Pergunta

Is there any purpose for declaring an init() method for a type?

I'm not asking whether we should prefer init() over a constructor or how to avoid declaring init().

I'm asking if there is any rationale behind declaring an init() method (seeing how common it is) or if it's a code smell and should be avoided.


The init() idiom is quite common, but I have yet to see any real benefit.

I'm talking about types that encourage initialization via a method:

class Demo {
    public void init() {
        //...
    }
}

When will this ever be of use in production code?


I feel it may be a code smell since it suggests the constructor does not fully initialize the object, resulting in a partially created object. The object should not exist if it's state isn't set.

This makes me believe it may be part of some kind of technique used to speed up production, in the sense of enterprise applications. It is the only logical reason I can think of having such an idiom, I'm just not sure how it would be beneficial if so.

Foi útil?

Solução

Yes, it's a code smell. A code smell isn't something that necessarily always needs to get removed. It's something that makes you take a second look.

Here you have an object in two fundamentally different states: pre-init and post-init. Those states have different responsibilities, different methods that are allowed to be called, and different behavior. It's effectively two different classes.

If you physically make them two separate classes you will statically remove a whole class of potential bugs, at the cost of maybe making your model not match the "real world model" quite as closely. You usually name the first one Config or Setup or something like that.

So next time, try refactoring your construct-init idioms into two-class models and see how it turns out for you.

Outras dicas

It depends.

An init method is a code smell when it is not necessary to have the object initialization separated from the constructor. There are sometimes cases where it makes sense to separate these steps.

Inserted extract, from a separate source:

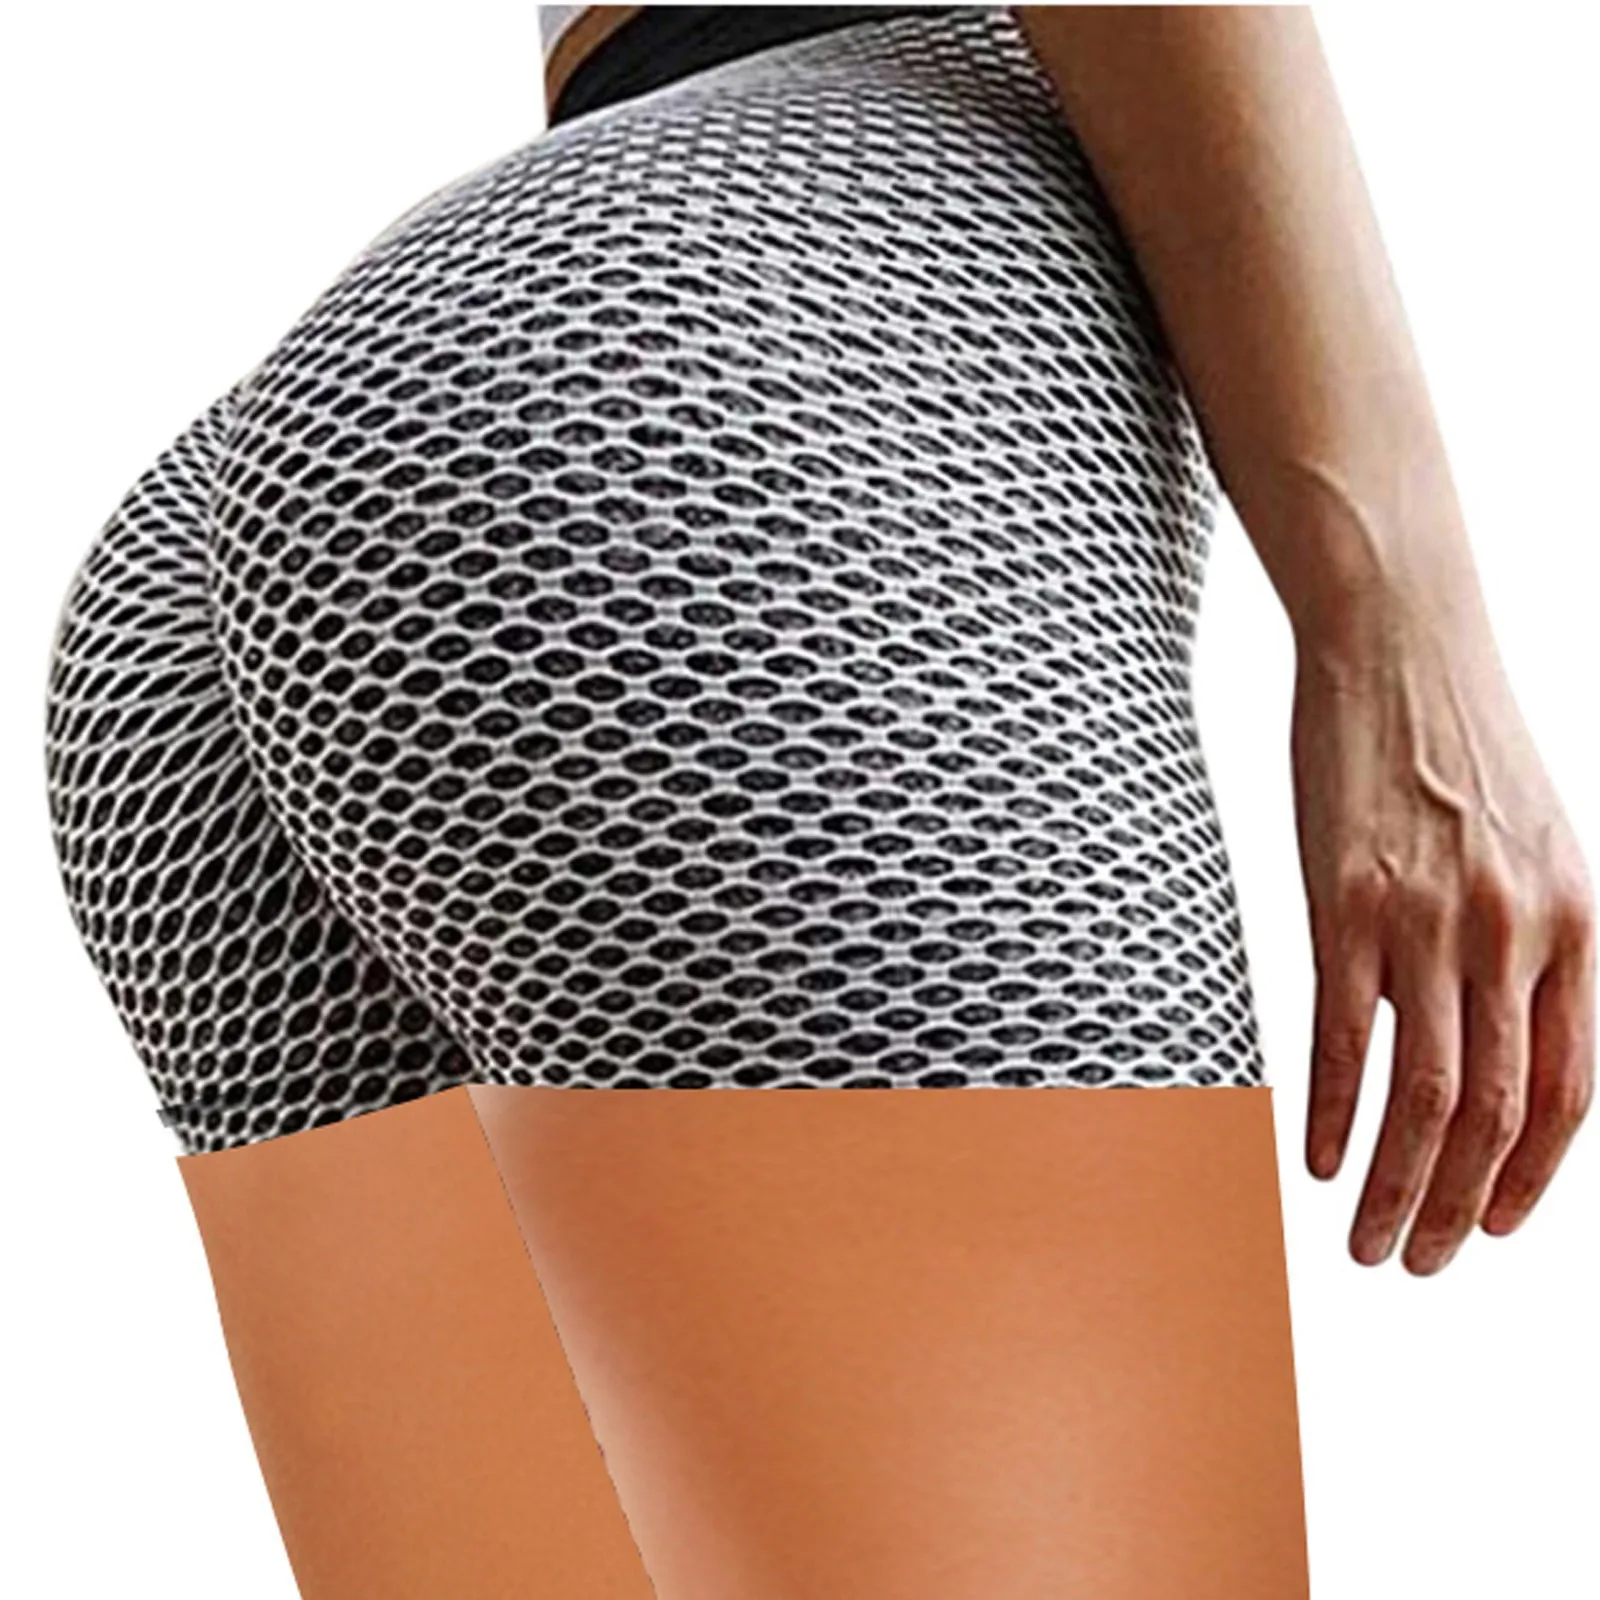 Shorts For Women Honeycomb Yoga Peach Buttocks Yoga Fitness Workout Shorts Running Tights Short

A quick Google search got me this example. I can easily imagine more cases where the code executed during object allocation (the constructor) might better be separated from the initialization itself. Maybe you have a leveled system, and allocation/construction takes place in level X, but initialization only in level Y, because only Y can provide the necessary parameters. Maybe the "init" is costly and must be run only for a subset of the allocated objects, and the determination of that subset can only be done in level Y. Or you want to override the (virtual) "init" method in a derived class which cannot be done with a constructor. Maybe level X provides you with allocated objects from an inheritance tree, but level Y is not aware of the concrete derivation, only about the common interface (where init maybe defined).

Of course, to my experience these cases are only a small percentage of the standard case where all initialization can be done directly in the constructor, and whenever you see a separate init method, it might be a good idea to question its necessity.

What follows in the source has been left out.